Con una sonrisa sádica, Payne le mostró una pequeña varilla de madera que había cogido del suelo. No medía más de doce centímetros, la medida justa para lo que pensaba hacer.

—Una vez hablé con un prisionero de guerra que afirmaba que el dolor más grande de su vida se lo provocaron con un simple pedazo de madera. Increíble, ¿no es cierto? Pero si usas tu imaginación, seguro que pensarás en un par posibilidades viciosas y bárbaras para una varita como ésta. ¿Se te ocurre algo, tío?

Manzak imaginó cosas horrendas: sus ojos siendo vaciados, sus oídos pinchados, su ano violado por una astilla terrible. Imaginó también mutilaciones que lo dejarían marcado.

Ésa era la reacción que Payne esperaba.

Tiempo atrás, mientras entrenaba con los
MANIAC
, aprendió que la forma más eficaz de sacar información a los prisioneros no era mediante la tortura, sino mediante el anuncio de la tortura: sembrando una semilla en la mente del prisionero y esperando a que el pánico se hiciera presente. Cuando se realizaba adecuadamente, algunas personas se orinaban incluso antes de ser siquiera tocadas. Por supuesto que las amenazas no funcionaban con cualquiera, pero Payne imaginaba que alguien que viajaba con un guardaespaldas se quebraría fácilmente.

—Tío —dijo—, sin duda has leído mi expediente. Así que sabrás que soy perfectamente capaz de hacerte papilla. ¿Me equivoco?

Manzak gimió y asintió con la cabeza.

—¡Muy bien! Ahora lo único que tienes que hacer es seguir respondiendo a mis preguntas y cabe la posibilidad de que te deje vivir. Sin embargo, si sospecho que me estás mintiendo o si decides permanecer en silencio, te enseñaré en qué consiste el pincho vietnamita. ¿Lo has entendido?

Asintió de nuevo.

—Muy bien, empezaremos con unas preguntas fáciles. Ya sabes, para entrar en calor… ¿Cómo supiste que teníamos a Boyd?

—Tu coche… Pusimos un sensor en el Ferrari. Pudimos seguirlo.

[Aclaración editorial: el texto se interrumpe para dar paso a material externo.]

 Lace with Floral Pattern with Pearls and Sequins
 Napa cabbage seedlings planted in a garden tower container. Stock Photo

—¡Y una mierda! —Payne le dio un golpe en los ríñones—. ¿Recuerdas lo que te he dicho sobre mentir? Ahora dime la verdad ¿cómo nos encontraste?

Pese a que casi no le quedaba aire, Manzak logró contestarle.

—Te lo acabo de decir.

—¡No puede ser! Aunque rastrearas el coche, no hay ninguna posibilidad de que supieras que teníamos a Boyd. ¿Cómo lo averiguaste?

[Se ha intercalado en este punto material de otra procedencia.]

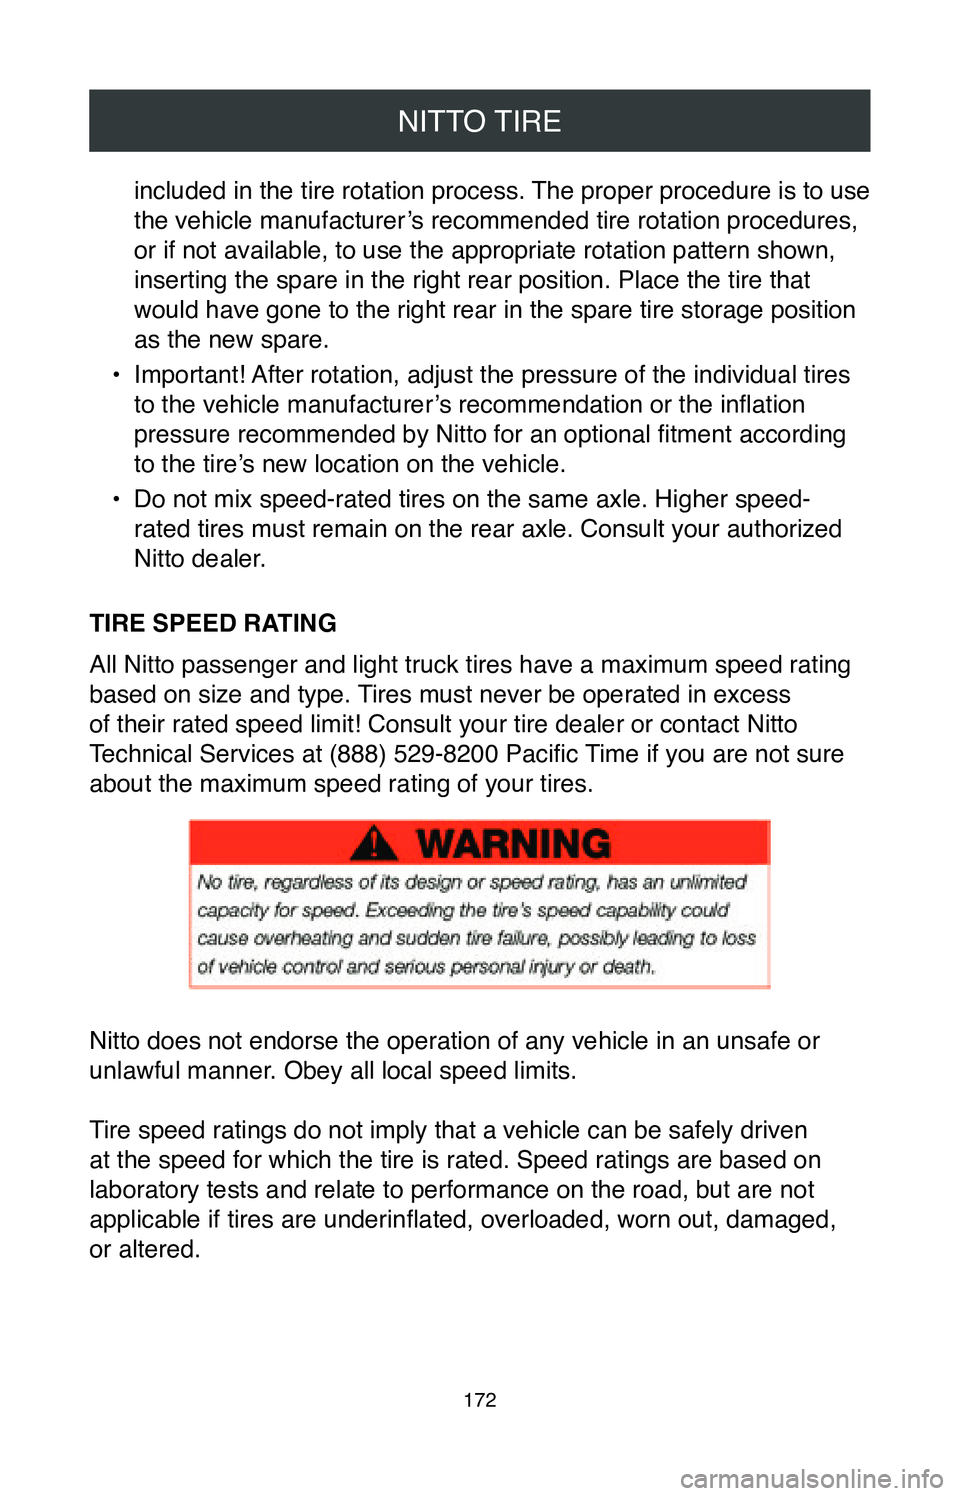 TOYOTA CAMRY HYBRID 2020  Warranties & Maintenance Guides (in English) NITTO TIRE
172
included in the tire rotation process. The proper procedure is to use 
the vehicle manufacturer’s recommended tire rotation procedures, 
or if not available, to use the appropriate ro

—El aeropuerto… Teníamos a un hombre en el aeropuerto… Lo mandamos a investigar… sólo para estar seguros de que no ibais a abandonar el país… Él salió y vio a la chica… Fue entonces cuando nos informó… desde el aeropuerto… ¡Lo juro!

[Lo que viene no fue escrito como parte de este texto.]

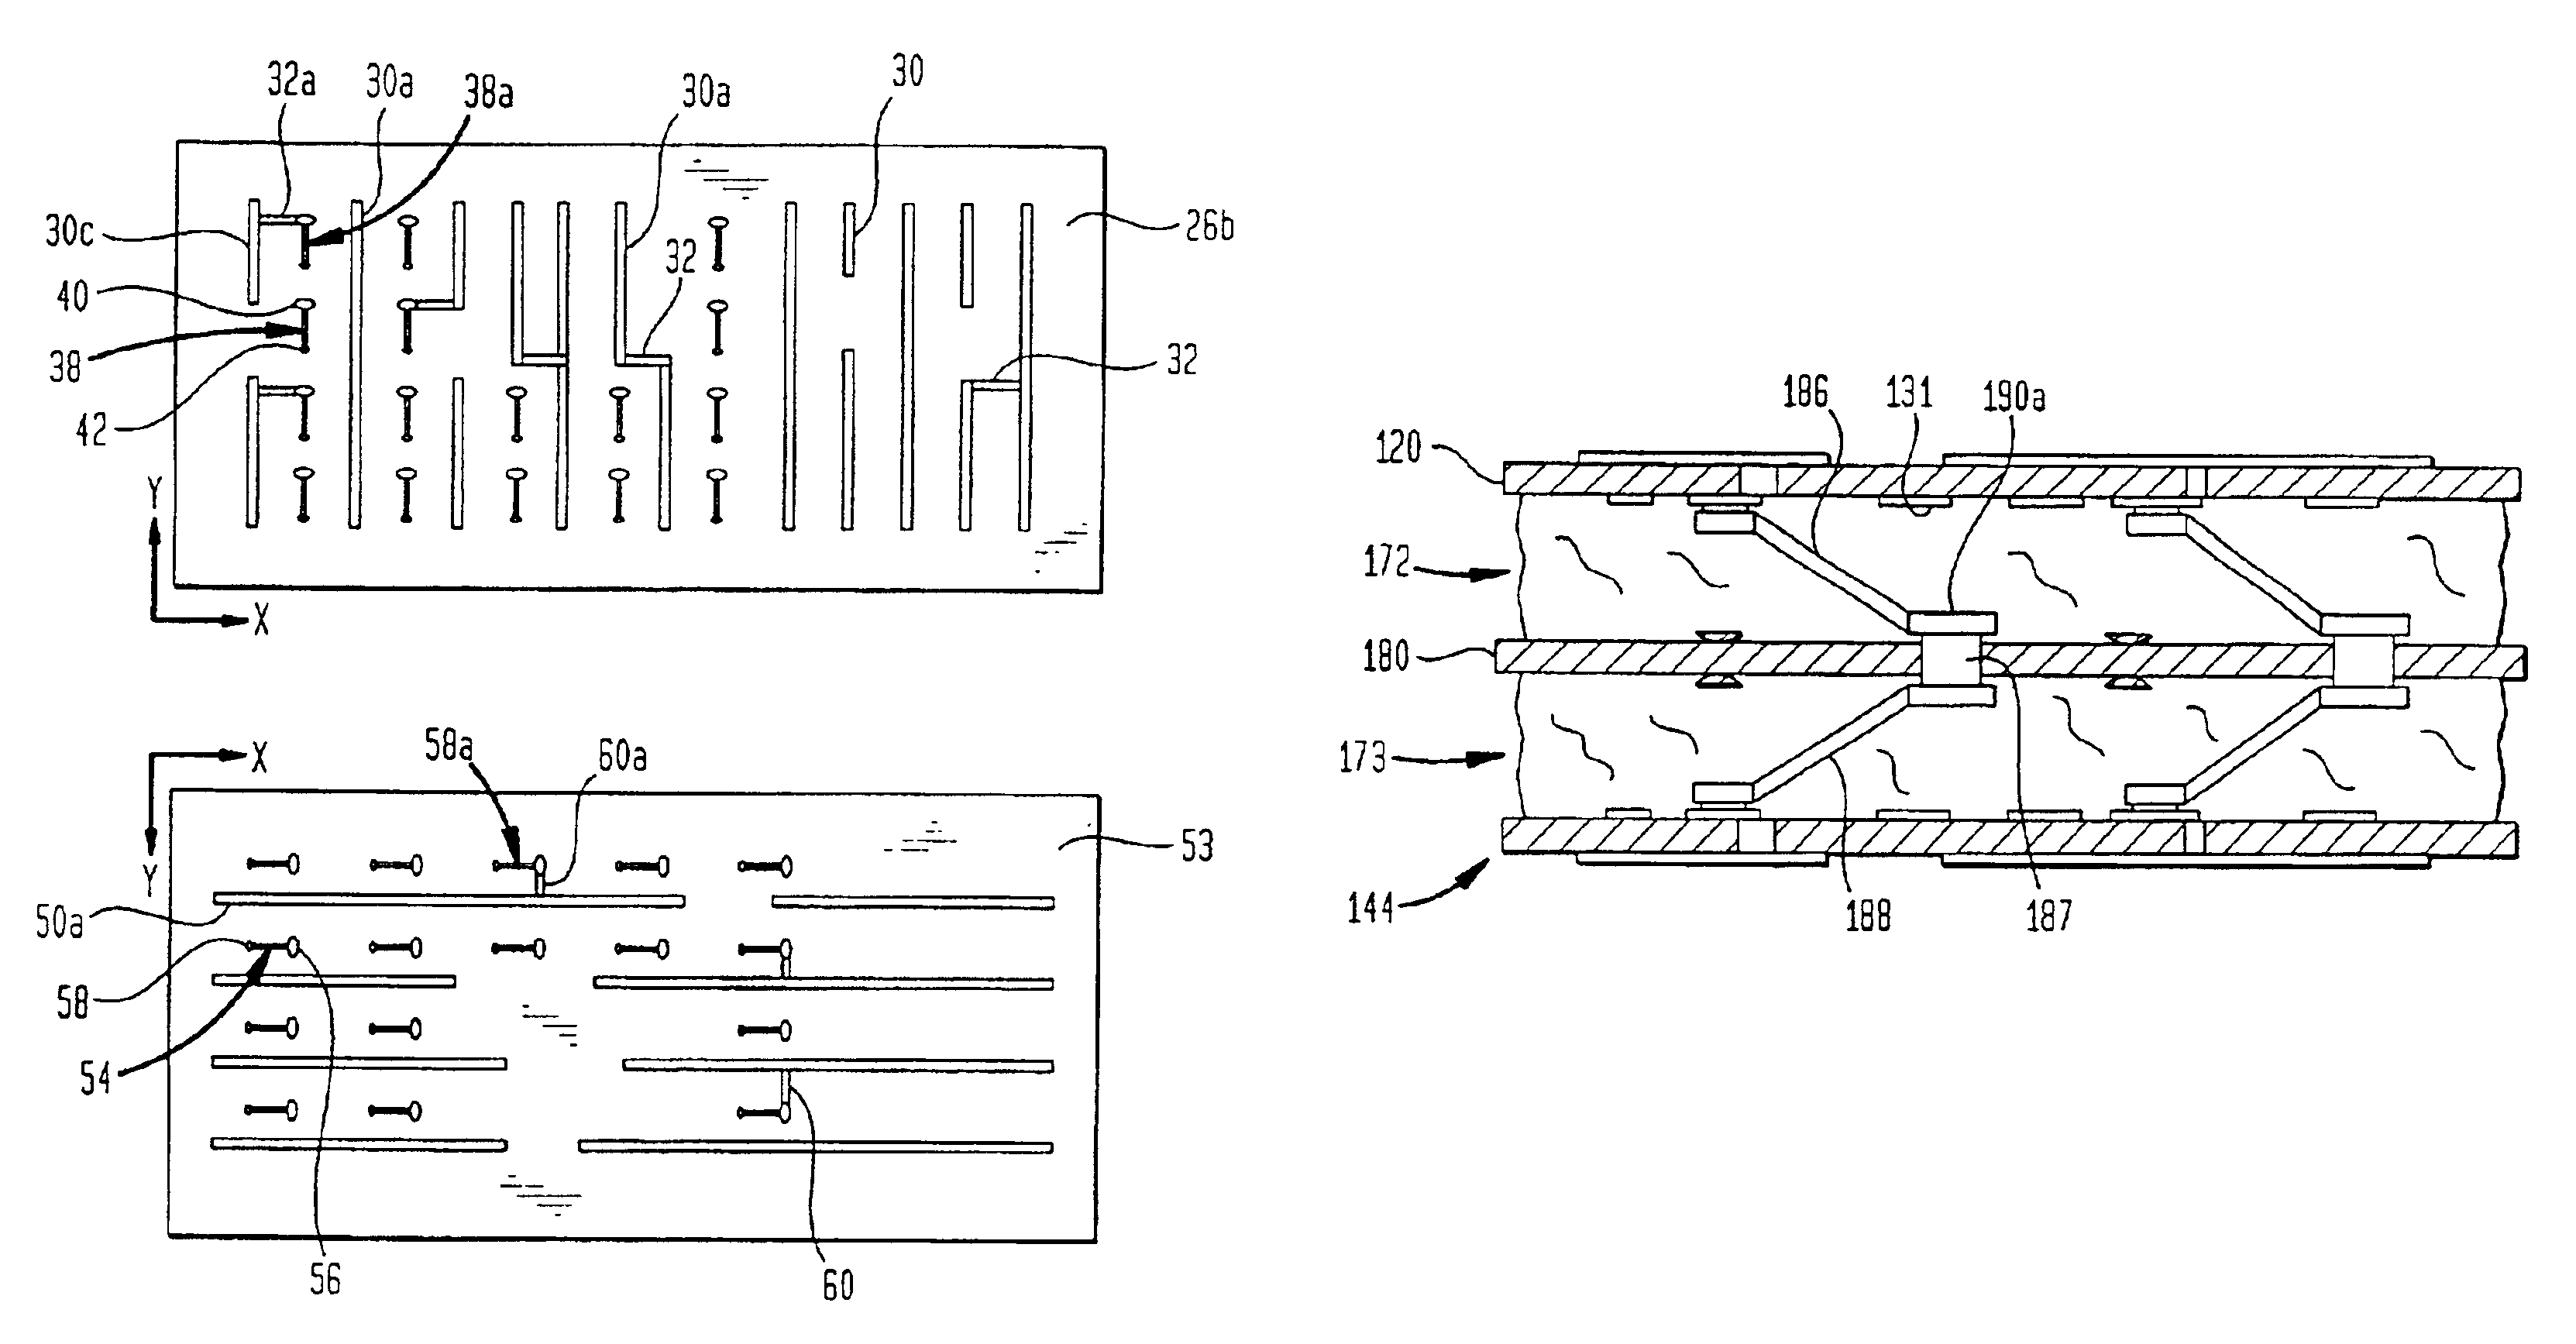 Multi-layer substrates and fabrication processes

Payne tuvo tentaciones de sonreír. Manzak se había roto más fácilmente que una taza antigua, pero sabía que entonces estropearía el momento. Para que el interrogatorio funcionase, debía mantener la adusta mirada de un verdugo. Entonces dijo:

—¿Dónde más tenías hombres? ¿Habéis estado siguiéndonos todo el tiempo?

—No fue necesario. El informador lo hizo por nosotros. Os seguimos a distancia.

—Dick, Dick, Dick. Encuentro todo esto tan poco creíble. —Cogió el trozo de madera y lo presionó contra el cuello de Manzak—. ¿No teníais, por ejemplo, a alguien en Orvieto?

—¡No! —exclamó—. No teníamos a nadie en Orvieto. ¡Es el último lugar donde Boyd iba a estar!

—Tío, estoy tan decepcionado contigo. Yo quería estrenar este trozo de madera con una pregunta más importante. Pero si sigues mintiendo, tendré que usarlo ya.

—¡No estoy mintiendo! —gritó—. ¡Te juro por Dios que no!

—Entonces, ¿tus hombres no estaban en Orvieto?

—¡No!

—¿Y no tienes nada que ver con la muerte de Barnes?

—¿Quién demonios es Barnes?

—Donald Barnes, el estadounidense que fue asesinado ayer en el pozo San Patricio. ¿Te suena?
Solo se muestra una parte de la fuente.